European Commission sets out new road for biofuels
The EC will limit the consumption of biofuels due to competition with food crops and land use
In a move which shocked Europe’s rapidly-expanding biofuels industry, the
European Commission (EC) said in September that it will put a brake on the use of existing biofuels in gasoline and diesel. Driven by concerns about competition with food crops over land-use, the EC is to introduce legislation to limit the consumption of existing biofuels to approximately the present level.
While signalling the end of the rapid growth in production of first-generation biofuels, the move is intended to advance the development of second-generation materials which do not compete with food production. First-generation biofuels are typically ethanol produced from wheat for gasoline, and vegetable oils for diesel. Second-generation biofuels are expected to be produced from wastes – cellulosic materials such as forestry wastes and straw for ethanol, and used cooking oils and animal fats for diesel.
The EC’s plan is to cap the use of first-generation biofuels at 5% of gasoline and diesel – only just above the present level of 4.5%. But the requirement under the Renewable Energy Directive for 10% of road transport fuels to come from renewable sources by 2020 is to stay in force.
To promote the development of second-generation biofuels, the EC proposes that their contribution towards the requirement should be quadruple-counted. Accordingly, the 10% target could be met with, say, 5% of first-generation rapeseed biodiesel and 1.25% of second-generation wheat-straw ethanol, although the actual renewable content will be only 6.25%. The EC says all support for the production of first-generation biofuels should end in 2020.
The proposal met with fierce criticism from biofuels producers, many of which have been expanding to meet the expected growth in demand, and from farmers which have benefited from high wheat and rapeseed prices in recent years. But the – few – companies with the technology to make second-generation biofuels stand to benefit.
Neste claims to be the world’s largest producer of renewable diesel, operating two units each of 190,000 tonnes a year (t/y) capacity at its Porvoo refinery, together with a facility of 800,000 t/y in Singapore and another of the same size at Rotterdam. The firm’s NExBTL technology, based on hydrotreating, can process waste animal and fish fats, although its plants also process non-waste vegetable oils. In September Neste launched a new grade of diesel in Finland, containing a minimum of 15% of NExBTL biodiesel.
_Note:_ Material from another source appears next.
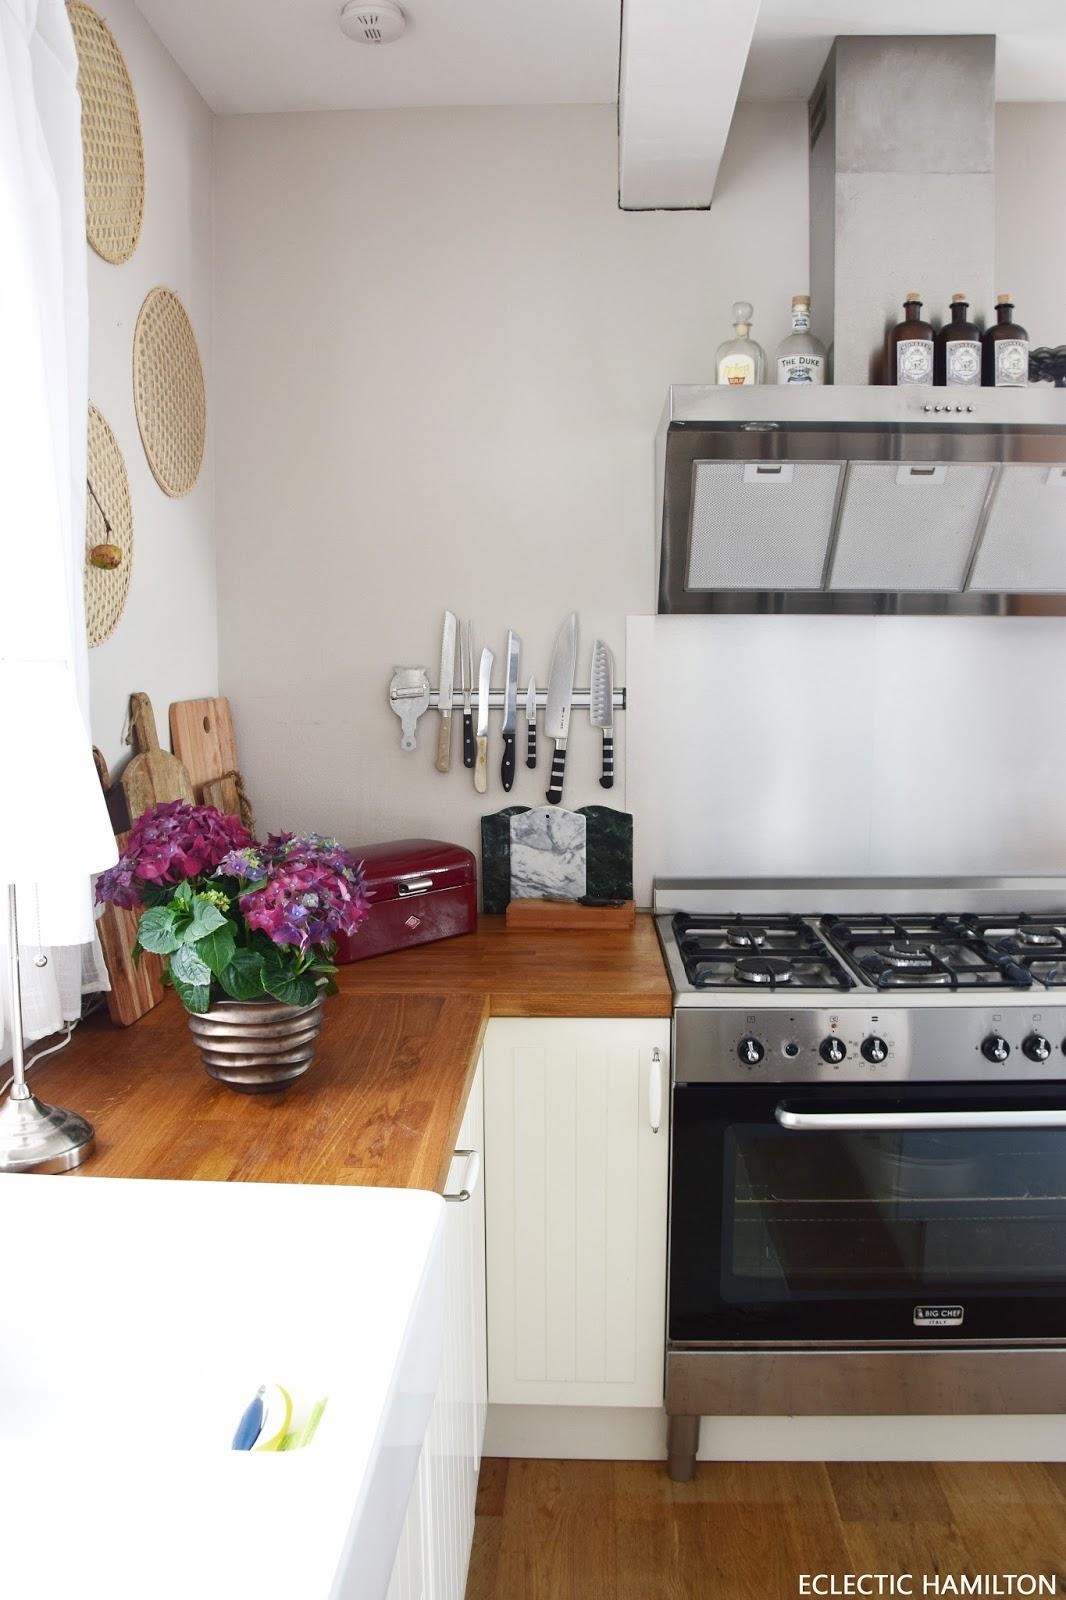 Tisch Set Deko Dekoration Wand Wanddeko Küche DIY kreativ 14

But in Germany – Europe’s largest market for biofuels, where they hold a 5.6% share of transport fuels consumption – “current incentives are not sufficient to mobilise the necessary extensive, strategic investments for large-scale use of second-generation biofuels”, according to Shell in September. The company published a study, carried out jointly with academic institutions, which calls for a 10-year launch programme for the new fuels and says they are not marketable without additional subsidies.
Locally-produced biofuels could meet 20% of Germany’s transport fuels demand by 2030, the study said, and as much as 70% of demand by 2050 – when demand will be “massively reduced” by improvements in fuel consumption. But development of the market to that extent will depend on ensuring sustainability and reducing the production costs of advanced biofuels, as well as ensuring that they are compatible with all uses.
At present, most cars and commercial vehicles can only take up to 10% of bioethanol in gasoline or up to 7% of biofuel in diesel. Biodiesel is seen by the study as the main focus for development because demand for diesel, jet-fuel and marine diesel is forecast to rise while Europe is already in deficit.